Just days after Beijing concluded its Third plenum with no major announcements, disappointing markets, early on Monday China unexpectedly cut its key short-term policy rate and the mortgage reference rates, its first such broad move since August last year. Analysts said the move just days after the conclusion of a high-level meeting that had focused on reviving the national economy represented “reactive easing."
PBOC said it would cut the seven-day reverse repo rate to 1.7% from 1.8%, and would also improve the mechanism of open market operations. That is the first cut to the rate since August 2023.
The PBOC lowered the seven-day reverse repo rate – a widely used liquidity injection tool – by 10 basis points to 1.7% in a move to increase financial support for the real economy. In total, the Chinese central bank sold 58.2 billion yuan (US$8 billion) of seven-day reverse repos. Minutes later, China cut benchmark lending rates by the same margin at the monthly fixing: The one-year loan prime rate (LPR) was lowered to 3.35% from 3.45% previously, while the five-year LPR was reduced to 3.85% from 3.95%. The change to the seven-day reverse repo rate would affect short-term market rates, while the change to the LPR reflects actual lending rates to the real economy.
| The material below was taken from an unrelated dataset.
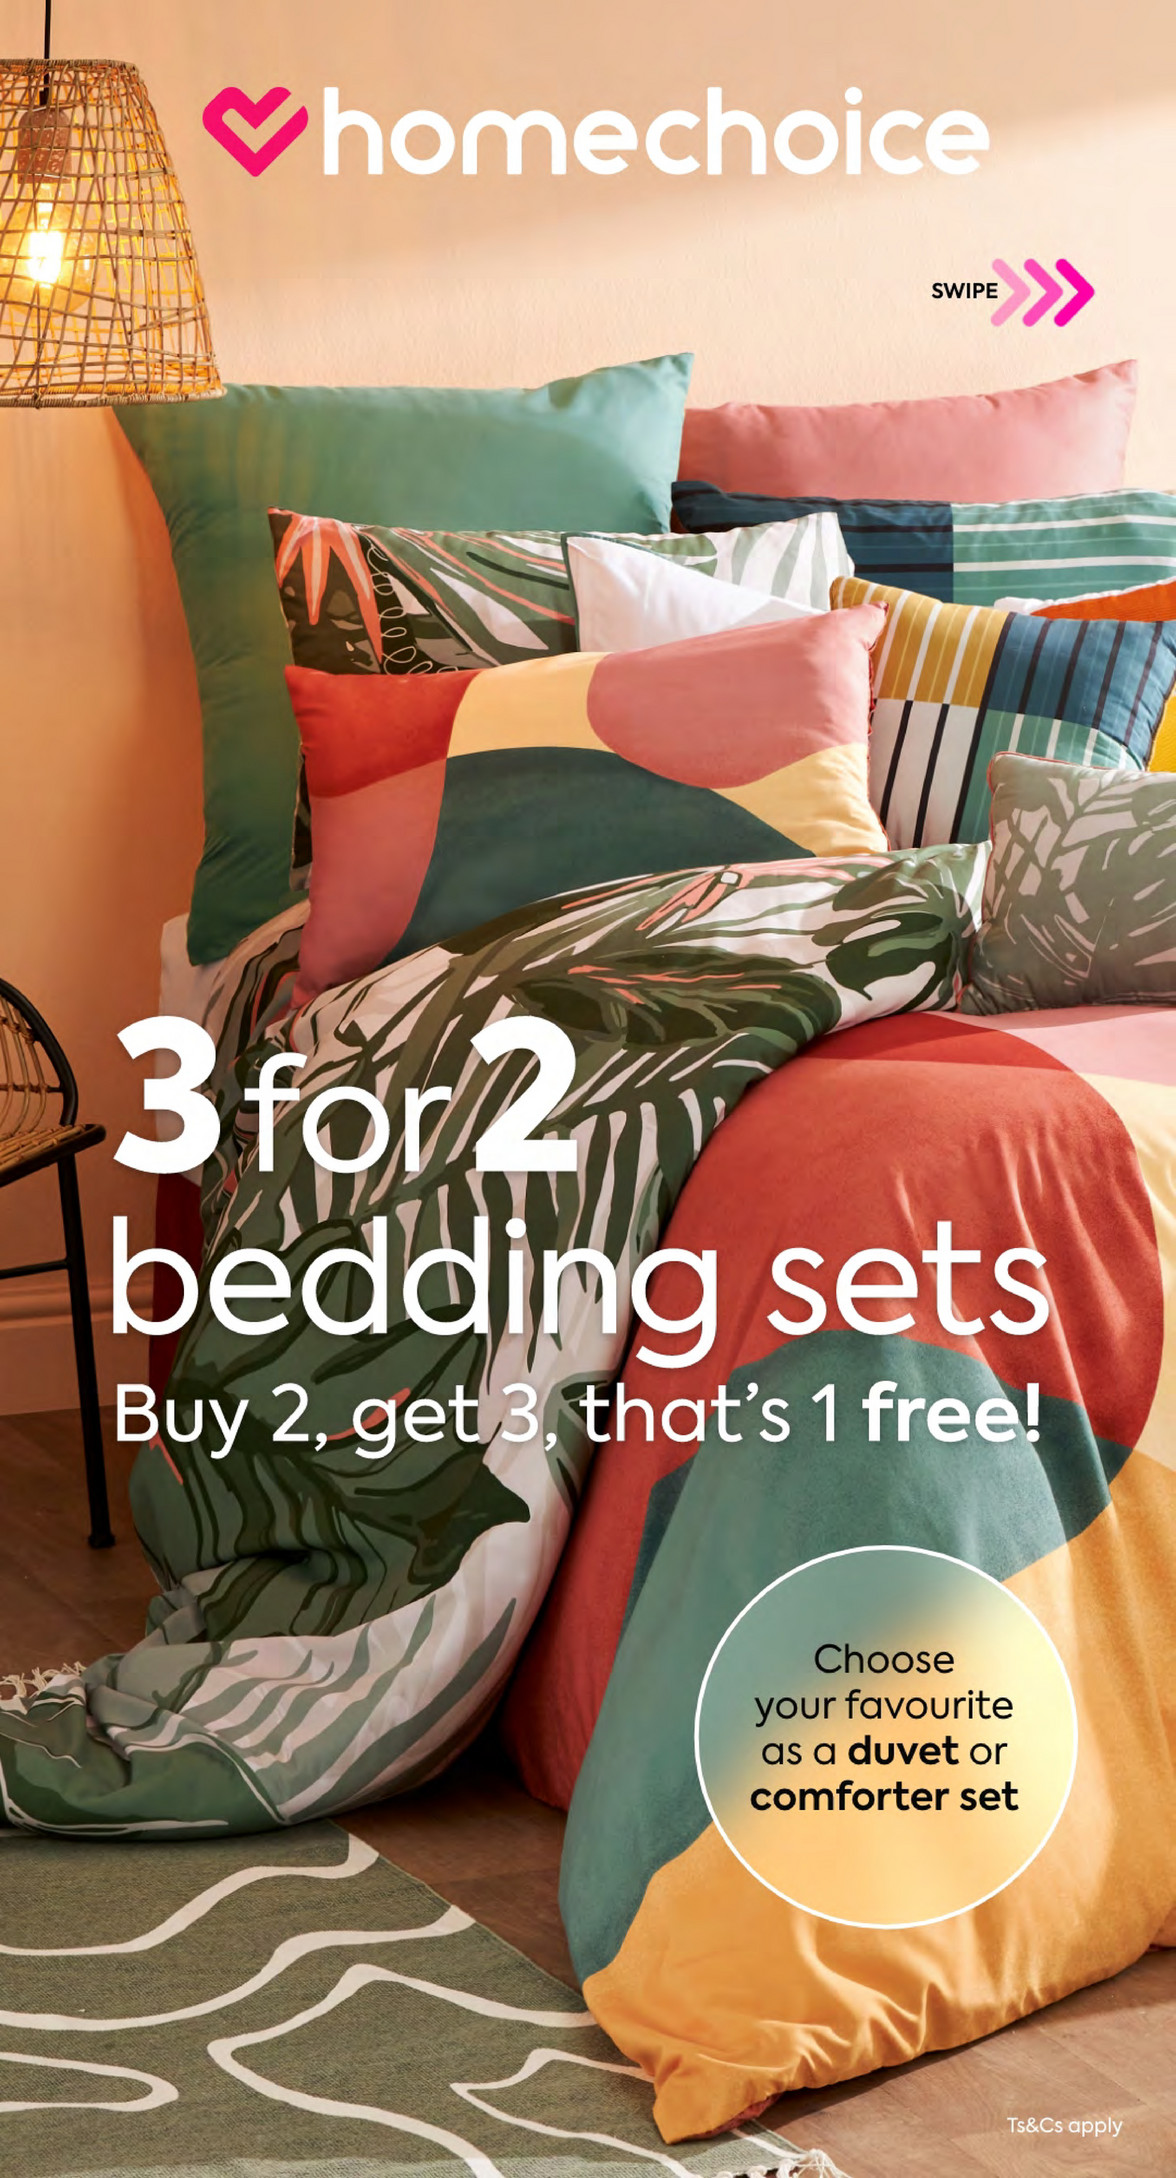 homechoice - August - 2023 Digital Catalogue 3 for 2 Bedding - Page 9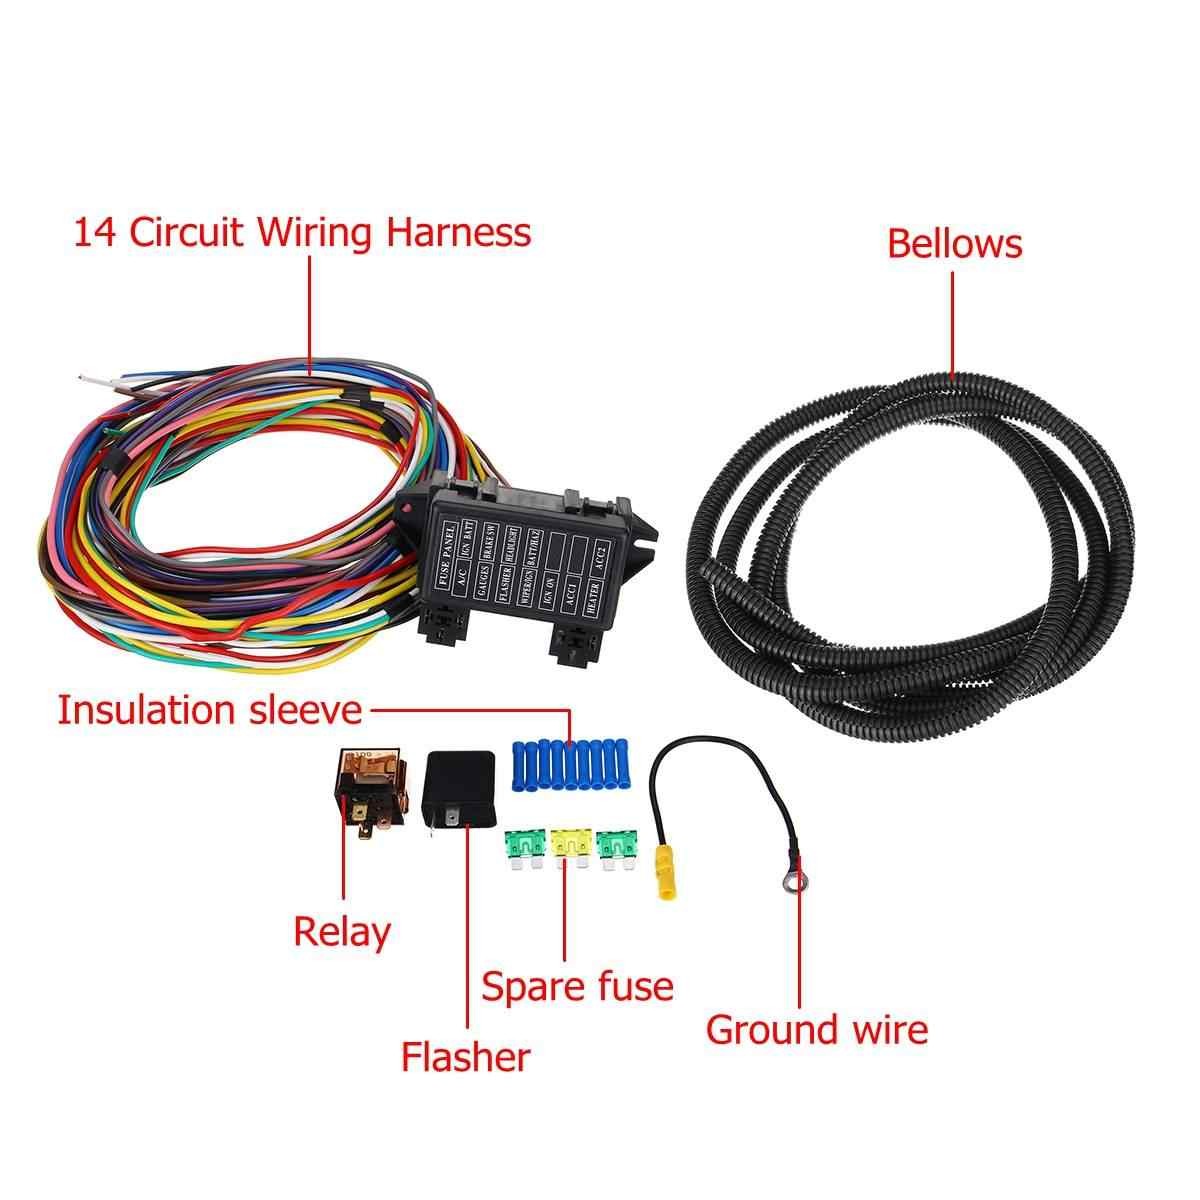 12 14 Circuit Universal Wiring Harness 14 Fuse 12V Muscle Car Hot R od Street R q50

And while analysts expect more rate cuts, they also urged future fiscal measures and policy support to do the “heavy lifting” to help accomplish this year’s economic growth target amid growing external challenges, the SCMP reported.
“[The] moves mark the first change in rates since February, and also the first major move since announcing a shift in the monetary policy framework in June,” said Lynn Song, chief economist for Greater China at ING.
“We will need to see if the other policy rates, such as the medium-term lending facility, follow [Monday’s] rate cuts in the coming weeks.
“Rate cuts will likely add to the pressure on Chinese banks. These pressures could increase further if the medium-term lending facility is not soon lowered.”
Louise Loo, lead economist at Oxford Economics, said that the moves on Monday were “originally anticipated” to come in by the fourth quarter following a rate-cutting cycle by the US Federal Reserve.
“We continue to expect a further 10 basis points in benchmark rate cuts in quarter four, alongside 25 basis points cuts in the reserve ratio requirement in quarter three and quarter four each to facilitate liquidity support, given the steady ramp-up in stimulus-related government bond issuances,” she said.
And Zhang Zhiwei, president and chief economist at Pinpoint Asset Management, said that more rate cuts are expected after the US Federal Reserve enters a rate cut cycle. “The rate cut [by the PBOC] is one step in the right direction,” he said.
China’s recently concluded third plenum - which failed to spark any excitement about a Chinese rebound - placed an emphasis on boosting economic capabilities to tackle growth, with the full text of the decisions from a key party conclave revealed on Sunday.
Under the section covering “healthy assurance and improvement of the social system” in the 22,000-word resolution document released on Sunday following the conclusion of the third plenum on Thursday, it stated that there is a need to speed up the formation of a new property development model to increase the supply of affordable housing.
The document added that local governments would be given ample space to regulate the property market with a series of policy modifications, such as the reduction and cancellation of housing purchase limits, the cancellation of buying thresholds for ordinary and non-ordinary housing and the reformation of housing financing and the property tax system.
“While [Monday’s] rate cuts offer some reassurance that policymakers are being responsive to the recent loss of economic momentum, the heavy lifting will need to come from fiscal, not monetary, policy,” said Julian Evans-Pritchard, head of China economics at Capital Economics. “Fortunately, the signs on that front are encouraging too.”
And Morgan Stanley said that “these moves post-plenum reaffirms reactive easing”.
“We see additional policy rate cuts in September-December,” said Robin Xing, chief China economist at Morgan Stanley.
“That said, the reactive nature of easing means our 2024 growth and inflation forecasts are facing 10-20 basis points of downside risk.”